Commentaire
La garantie
autonome est régie par les articles 39 à 49 AUS qui là définit comme « une convention par laquelle, à la requête
ou sur instruction du donneur d’ordre, le garant s’engage à payer une somme
déterminée au bénéficiaire, sur première demande de la part de ce dernier, soit
selon les modalités convenues ». Elle est une sûreté personnelle en ce
qu’un engagement est pris par un tiers à titre de sûreté de la dette d’un
débiteur principal.
Elle fait
intervenir trois personnes que sont le donneur d’ordre, le garant et le
bénéficiaire.
A côté de la
garantie autonome, le législateur a également réglementé la contre-garantie définie à l’alinéa 2 du
même article comme « l’engagement
par lequel le contre-garant s’oblige, en considération d’une obligation souscrite
par le donneur d’ordre et sur instructions de ce donneur d’ordre, à payer une
somme déterminée au garant, soit sur première demande de la part de ce dernier,
soit selon des modalités convenues. » Le contre-garant garantit donc
les engagements du garant. Pour le reste, la lettre de contre-garantie obéit
exactement au même régime que la garantie autonome. Ceci se vérifie dans la
constitution (I) de ces sûretés que dans leur mise en œuvre (II), ainsi que
dans les moyens de défense (III) et recours(IV)
I-
LA FORMATION DE LA GARANTIE AUTONOME
La constitution de
la garantie autonome répond à une certaine rigueur aussi bien pour ce qui est
de l’écrit (A) que de la durée (B) de l’engagement. Il faut par ailleurs
préciser que le législateur OHADA a limité la souscription des garanties et
contre-garanties autonomes uniquement aux personnes morales. Il peut s’agir
aussi bien des personnes morales de droit privé que de droit public,
commerçantes ou non. Habituellement, les garants sont généralement des banques
ou des établissements de crédit, des sociétés commerciales et parfois des
sociétés-mères qui s’engagent pour le compte de leurs filiales.
A : L’ECRIT
Aux termes de
l’article 41, la garantie et la contre-garantie ne se présument pas et doivent
être constatées par un écrit qui doit comporter à peine de nullité, certaines
mentions limitativement énumérées par l’article 41 de l’AUS à savoir :
·
la dénomination de garantie ou de contre-garantie
autonome ;
·
le nom du donneur d’ordre ;
·
le nom du bénéficiaire ;
·
le nom du garant ou du contre-garant ;
·
la convention de base, l’acte ou le fait, en
considération desquels la garantie ou la contre-garantie autonome est émise ;
·
le montant maximum de la garantie ou de la
contre-garantie autonome ;
·
la date ou le fait entraînant l’expiration de la garantie
;
·
les conditions de la demande de paiement, s’il y a lieu ;
L’impossibilité,
pour le garant ou le contre-garant, de bénéficier des exceptions de la caution.

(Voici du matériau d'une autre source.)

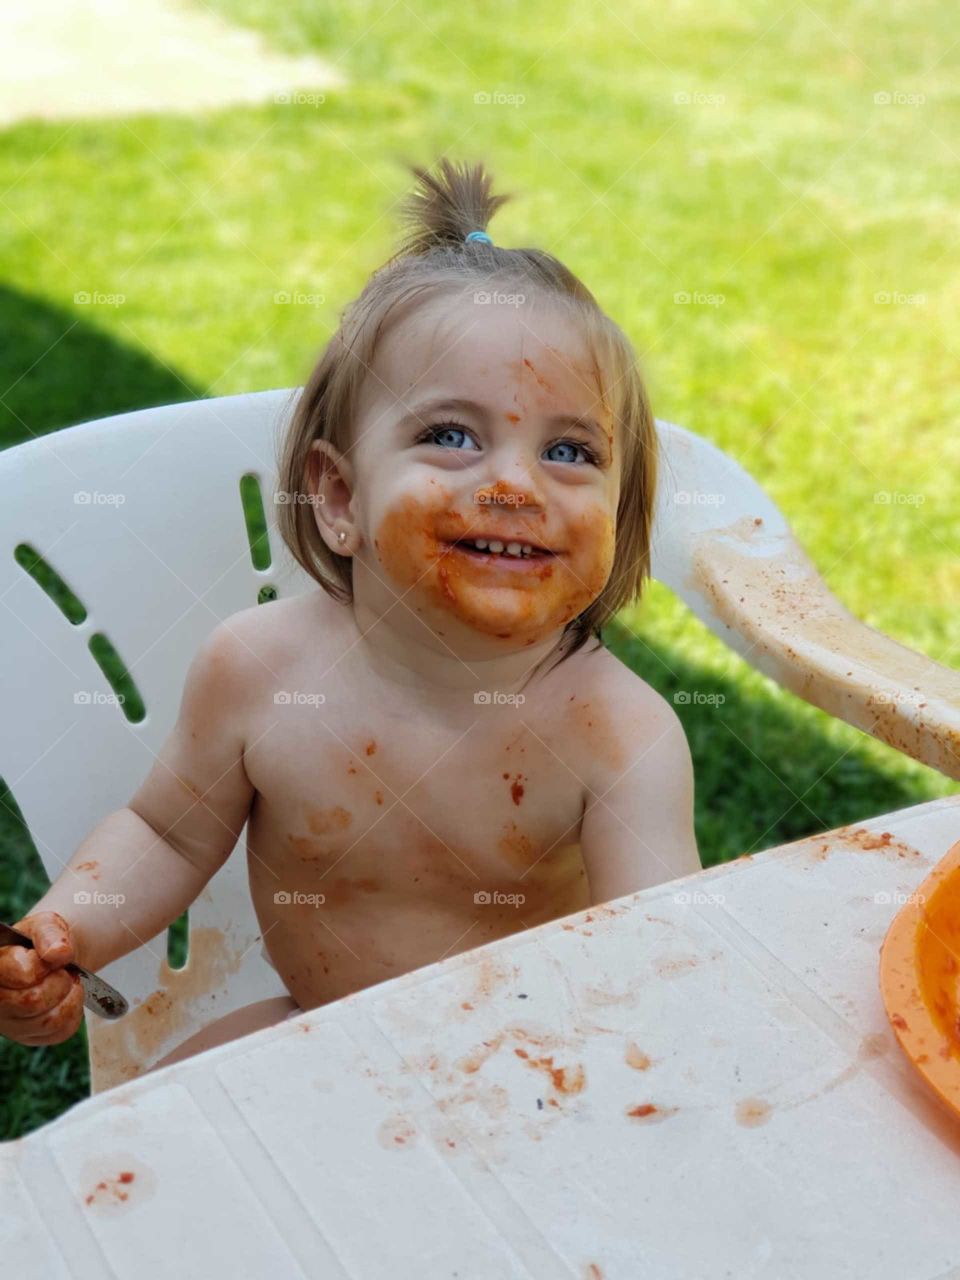 bebés comida familia libertad felicidad amor hijo hija macarrones tomate campo aire libre mellizos alimentación babyledweaning
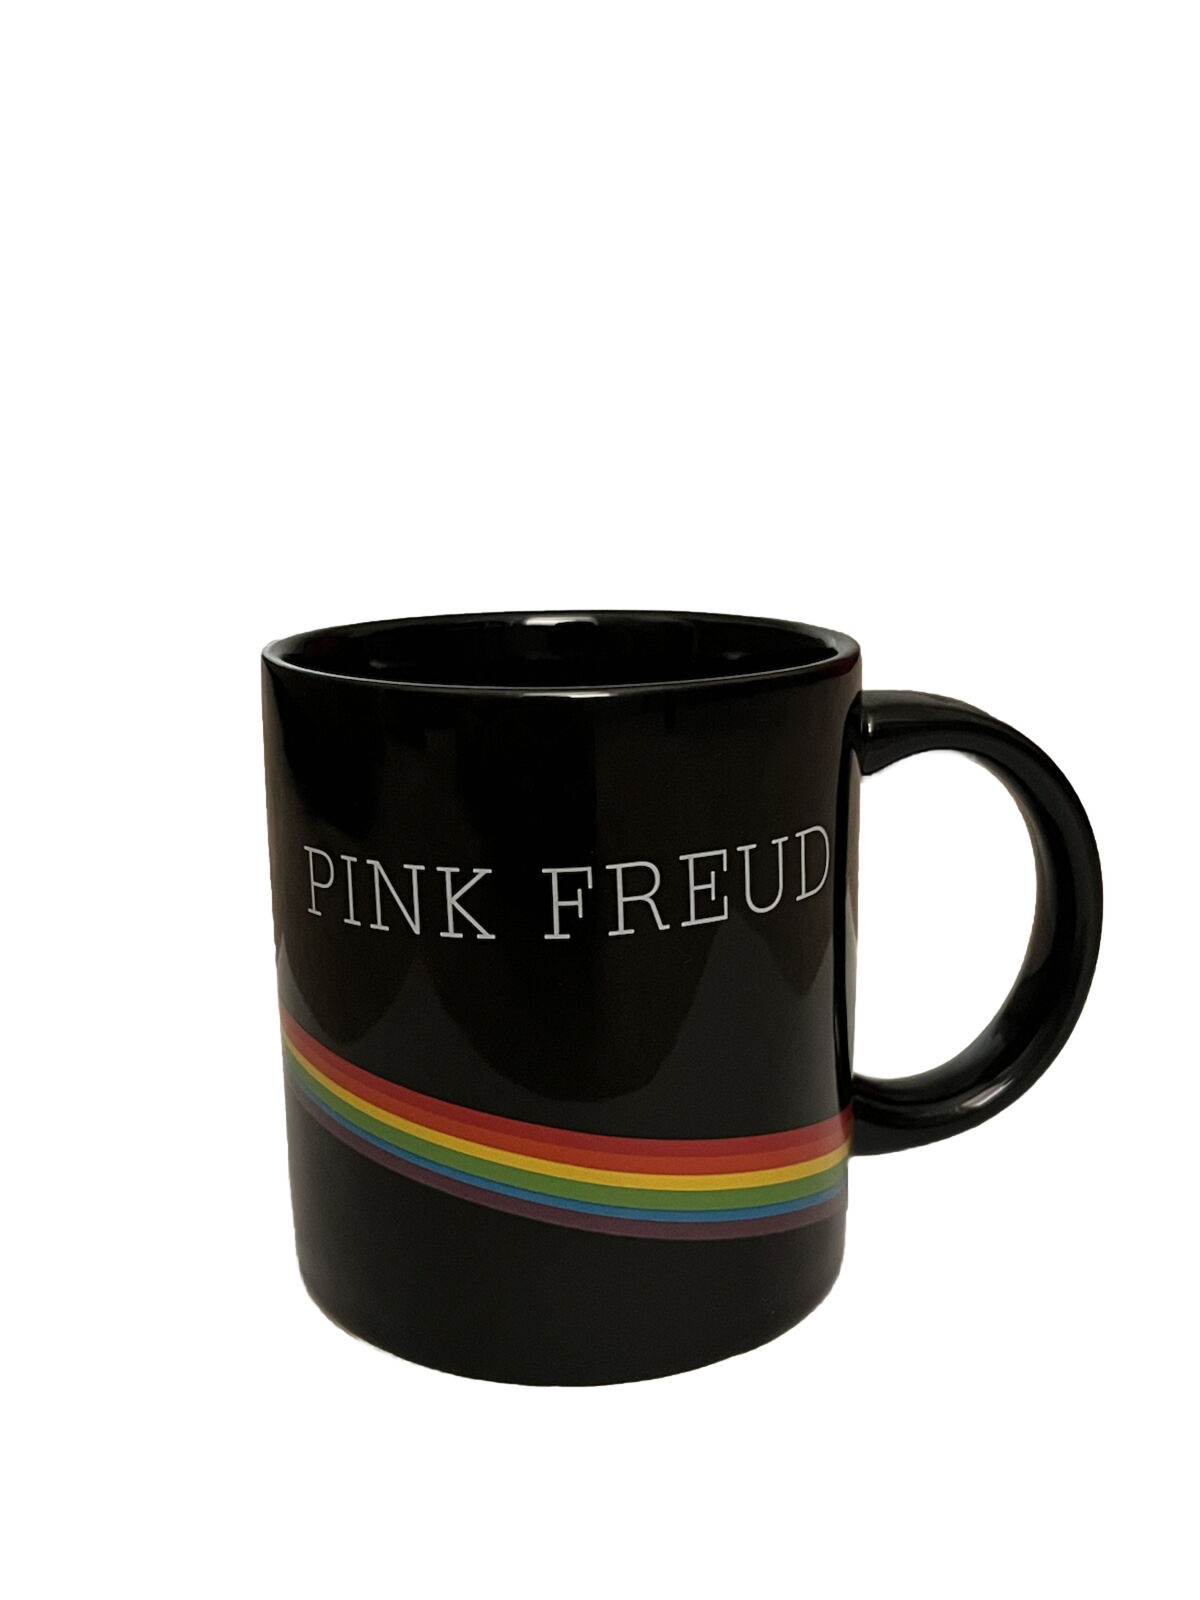 PINK FREUD - Coffee Mug w/ Pink Floyd Theme & Freud Pic 2015 - NEW

B: LA DUREE DE VALIDITE DE LA GARANTIE
La garantie
autonome prend effet à compter du jour où elle est émise sauf si les parties
décident qu’elle produira effet à une date ultérieure. Par contre, l’engagement
du garant ne pourrait couvrir des faits antérieurs à la signature de l’acte
comme tel est le cas pour le cautionnement.
La garantie ou la
contre-garantie prend fin dans différentes hypothèses prévues par l’article 49
:
·
le jour calendaire ou à l’expiration du délai prévu.
·
sur présentation au garant ou au contre-garant de
documents libératoires spécifiés dans la garantie ou la contre-garantie
autonome.
·
sur déclaration écrite du bénéficiaire libérant le garant
de son obligation.
II- LA MISE EN ŒUVRE
La garantie
autonome est mise en œuvre à travers l’appel en garantie (A) adressé par le
bénéficiaire au garant. Celui-ci doit en principe payer (B) mais
exceptionnellement, il peut invoquer des moyens de défense. Une fois le
paiement effectué, il dispose de recours.
A- L’APPEL EN GARANTIE
Certaines
conditions doivent être réunies pour que le garant puisse effectivement
procéder au paiement. L’article 45 précise ces conditions. Il faut un écrit
accompagné de tout document prévu dans la garantie, une déclaration écrite du
garant en cas d’appel en paiement adressée par ce dernier au contre-garant.
- l’exigence d’un écrit : au niveau de
sa réalisation, le formalisme de la garantie autonome est également renforcé.
Le garant ne sera tenu de payer que s’il reçoit en ce sens une demande de la
part du bénéficiaire. La forme de l’écrit n’a pas été précisée. Par contre, son
contenu a été précisé voire imposé. La demande de paiement doit préciser que le
donneur d’ordre a manqué à ses obligations envers le bénéficiaire et en quoi
consiste ce manquement.
- la présentation de documents. Le bénéficiaire
doit joindre à sa demande les documents prévus dans la convention de garantie.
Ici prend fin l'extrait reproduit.